Tuesday, October 12, 2021

soon she goes

in the quiet

there is a chill

an exhaustive pulsing

near indiscernible 

felt distinctly

 

my heart

my breath

 

and in the other room she lay

wasting

Sunday, October 10, 2021

Chelsea didn't eat today...

She stands

back arched, back legs

shaking 

from the weight of years

refusing food she

walksabout

front room to kitchen 

and there and back again for

sips of water, constantly

looking, searching, constantly

milling about, until

She lurches into 

a laying

inelegant, deeply 

emphatic

a tiny frame thrown into loud thud

 

“I don’t wanna need your love” ~ Stronger by Sorry Girls

Wednesday, April 07, 2021

Iris

I grew up with them in the yard. No real garden, they were just always there. Got mowed over, bloomed, mowed, bloomed, all through my youth. When my older brother passed, we put purple iris on his baby blue casket. I remember the day, what I wore. The surreal distance engulfing a soon to be sixteen-year marriage. The minutest things. But I can’t recall his age, He was thirty— and I was thirty—. It’s been nineteen years and  twenty-one days.

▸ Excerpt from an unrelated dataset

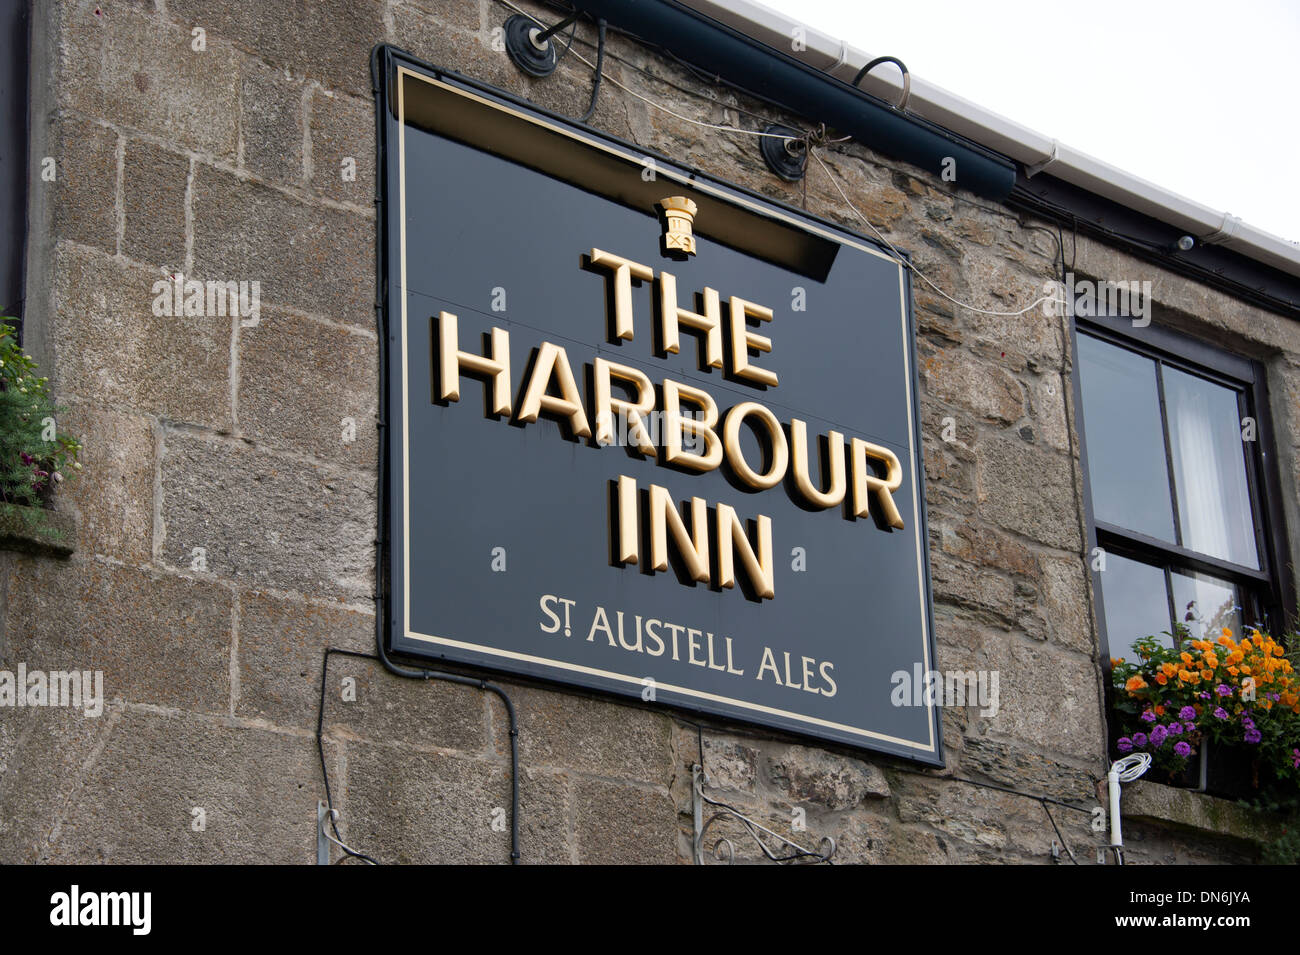 The Harbour Inn St Austell Ales Porthleven Cornwall UK Stock Photo
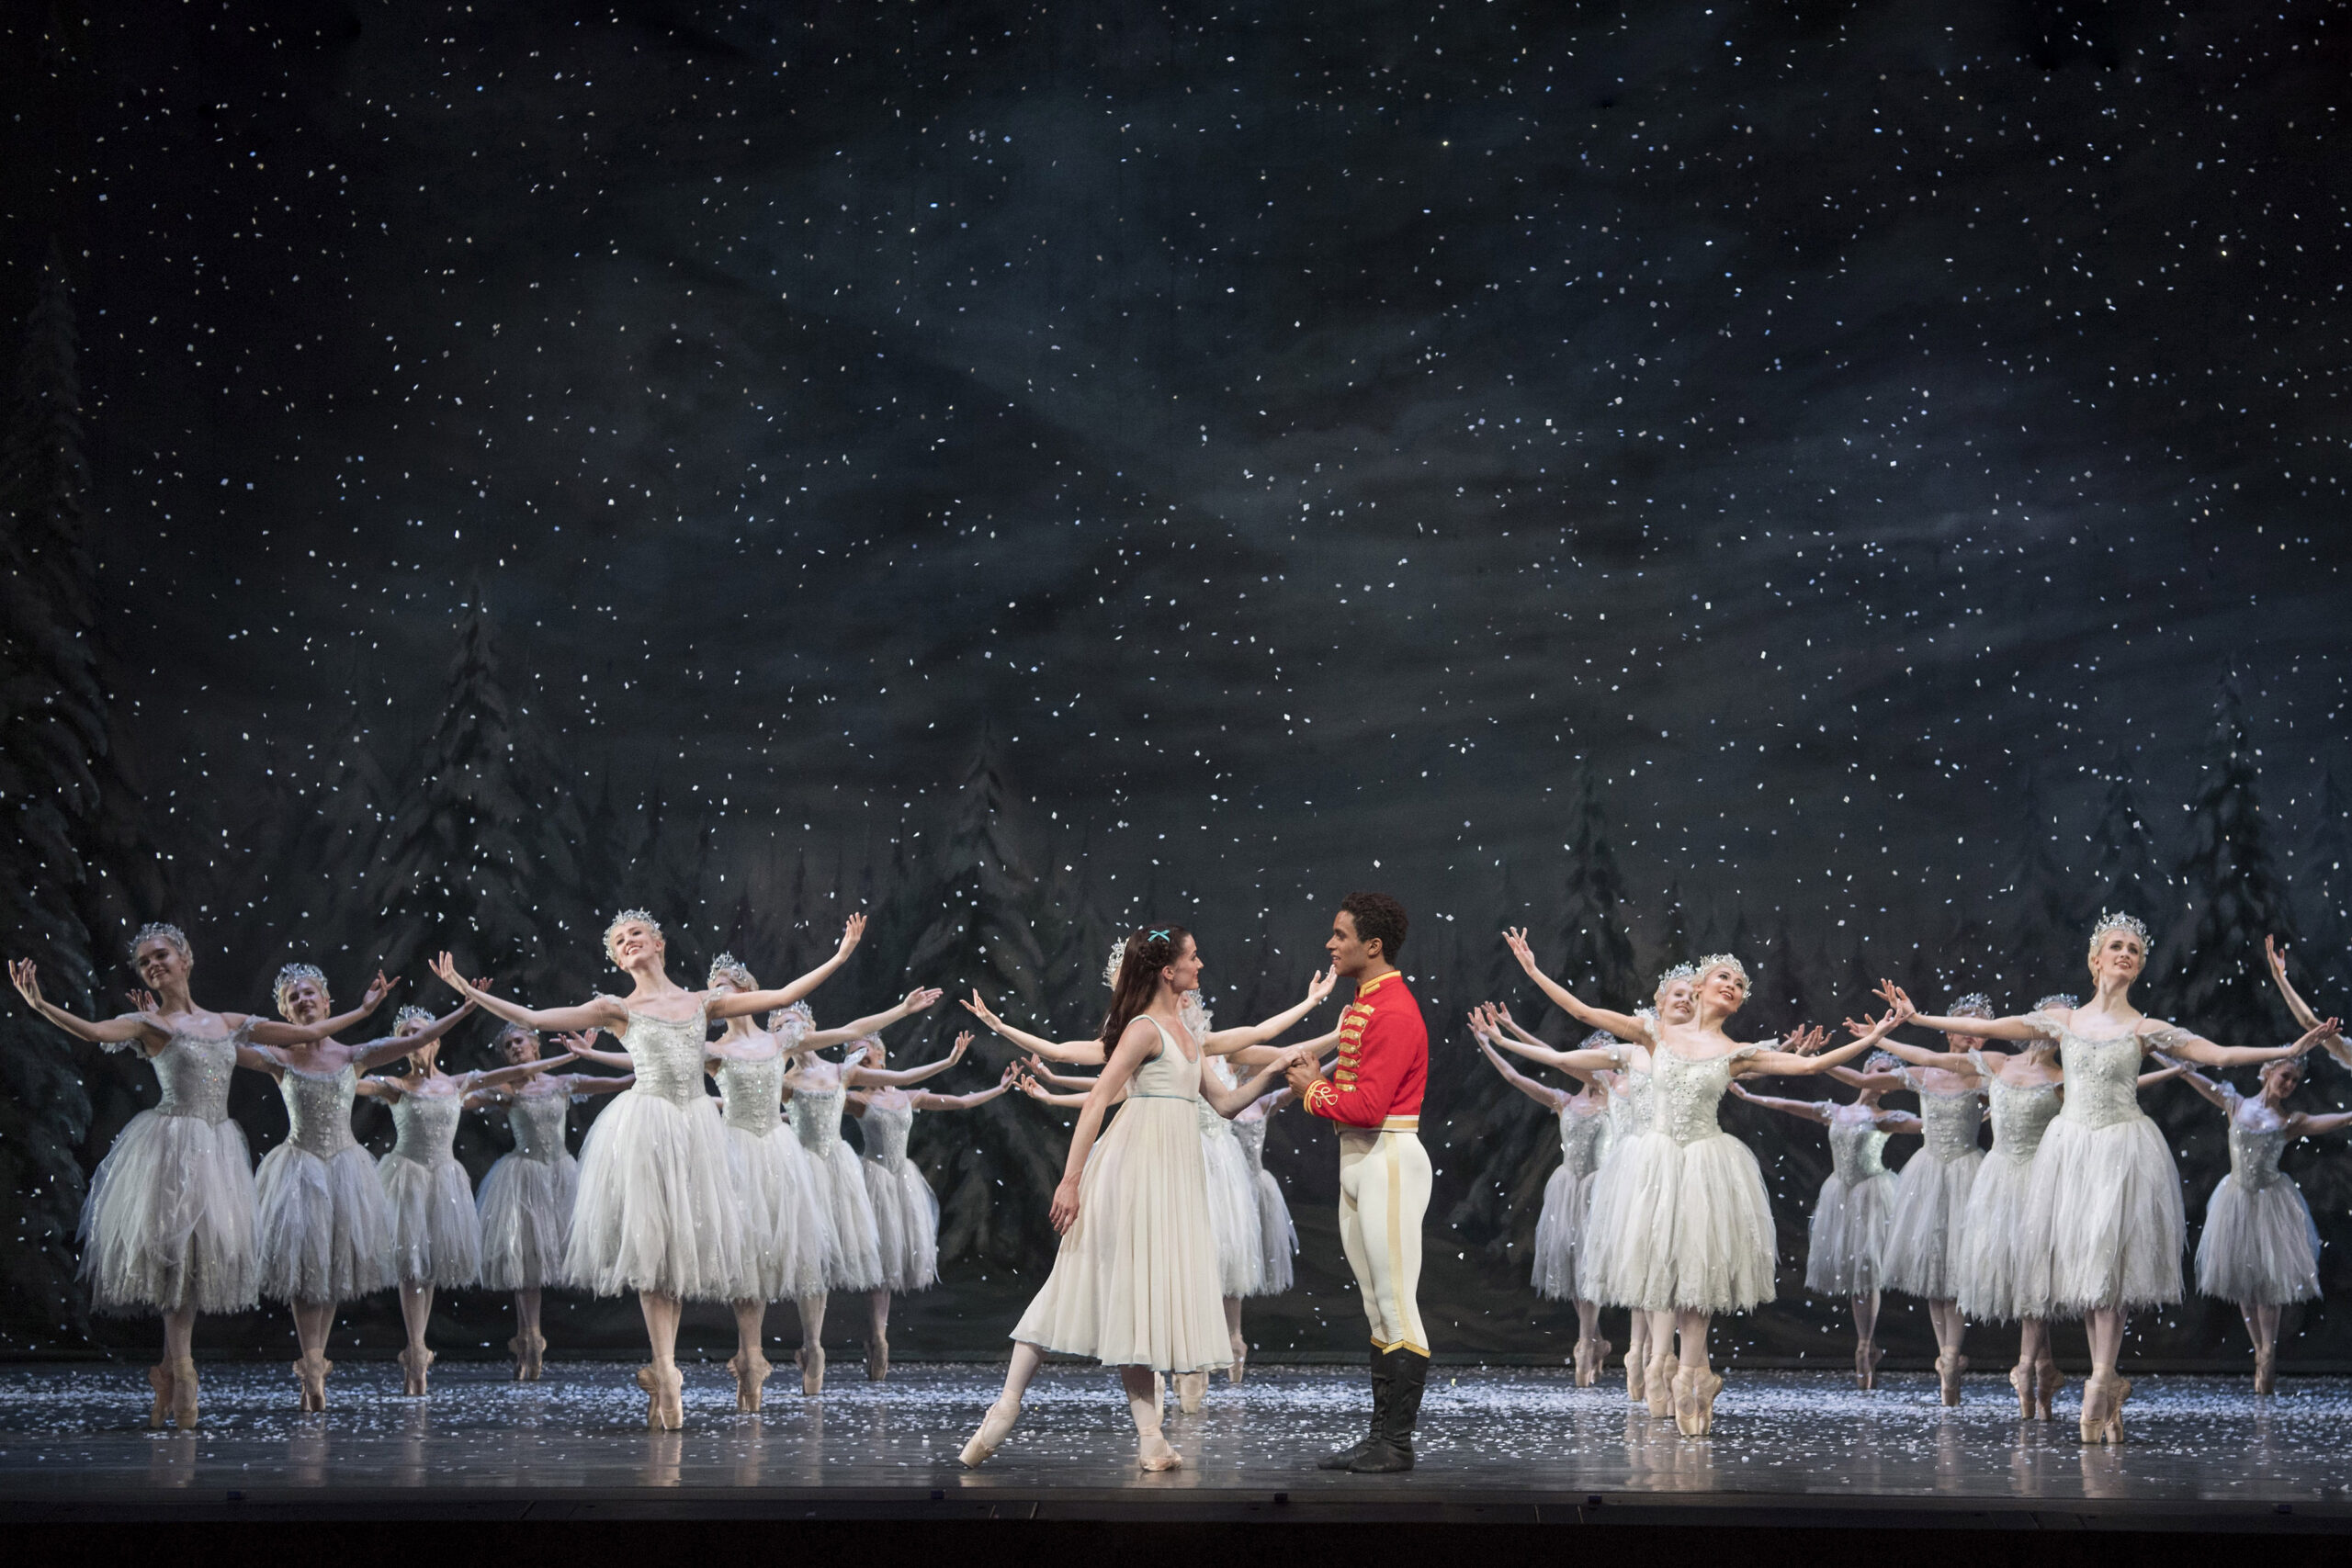 The Royal Ballet’s Cinderella celebrates its 75th anniversary in a new

Out the window I see purple iris in my yard, abundant.

Tuesday, March 09, 2021

These dreams that pass me by

The right side of my body feels swollen and on fire, ankle and jaw tingling. If I didn’t know better I’d think I been bit by ant, spider, or bee. They tend to hate me. But the skin ‘round the needle site is kin to fine grain sandpaper. I think I’m glad I said right arm though. If it were the left I’d have sworn it were my heart breaking. 

Thursday, March 04, 2021

pricked to a bleed

Brother left 19 years, sister 6, mother 5, their stories gone to ether along with bones buried and dust interred or tossed to wind.  From youngest to only to eldest thrust. My own story of youth passing, ink bubbles to bursting, ready to be pricked to a bleed again...

Saturday, February 27, 2021

well hail...

In Texas, we compare hail to sports balls instead of small change. Windows, windshields, roofs, home, schools, neighborhoods, the destruction is indiscriminate here. What snow is to Eskimos, storms are to us, myriad.  Thunder, lightning, hail, tornados, rain, electrical, dust. Even snow, pollen, crickets, and those damn 7-year cicada that emerge from the soil to swarm come sudden and oft leave just as quick. Maybe that’s why I learned young to speak of the weather and to feel deeply tethered to the sky as much as the land.